[Dataset items]
'''

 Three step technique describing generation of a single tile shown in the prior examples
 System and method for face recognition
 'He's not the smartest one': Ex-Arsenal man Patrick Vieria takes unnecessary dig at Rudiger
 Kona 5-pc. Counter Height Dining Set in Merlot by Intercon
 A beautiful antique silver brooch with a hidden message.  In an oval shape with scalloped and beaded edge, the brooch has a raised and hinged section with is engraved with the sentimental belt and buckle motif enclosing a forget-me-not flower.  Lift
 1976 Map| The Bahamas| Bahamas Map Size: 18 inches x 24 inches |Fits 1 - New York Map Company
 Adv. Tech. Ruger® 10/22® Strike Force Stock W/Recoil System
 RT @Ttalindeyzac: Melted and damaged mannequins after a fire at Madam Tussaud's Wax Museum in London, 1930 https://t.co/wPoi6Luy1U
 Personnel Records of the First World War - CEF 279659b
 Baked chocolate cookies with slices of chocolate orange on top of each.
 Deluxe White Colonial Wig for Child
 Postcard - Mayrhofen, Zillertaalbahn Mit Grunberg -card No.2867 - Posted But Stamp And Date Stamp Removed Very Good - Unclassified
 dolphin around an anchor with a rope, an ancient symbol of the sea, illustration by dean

'''

Each entry above needs to be output exactly.

 Three step technique describing generation of a single tile shown in the prior examples
 System and method for face recognition
 'He's not the smartest one': Ex-Arsenal man Patrick Vieria takes unnecessary dig at Rudiger
 Kona 5-pc. Counter Height Dining Set in Merlot by Intercon
 A beautiful antique silver brooch with a hidden message.  In an oval shape with scalloped and beaded edge, the brooch has a raised and hinged section with is engraved with the sentimental belt and buckle motif enclosing a forget-me-not flower.  Lift
 1976 Map| The Bahamas| Bahamas Map Size: 18 inches x 24 inches |Fits 1 - New York Map Company
 Adv. Tech. Ruger® 10/22® Strike Force Stock W/Recoil System
 RT @Ttalindeyzac: Melted and damaged mannequins after a fire at Madam Tussaud's Wax Museum in London, 1930 https://t.co/wPoi6Luy1U
 Personnel Records of the First World War - CEF 279659b
 Baked chocolate cookies with slices of chocolate orange on top of each.
 Deluxe White Colonial Wig for Child
 Postcard - Mayrhofen, Zillertaalbahn Mit Grunberg -card No.2867 - Posted But Stamp And Date Stamp Removed Very Good - Unclassified
 dolphin around an anchor with a rope, an ancient symbol of the sea, illustration by dean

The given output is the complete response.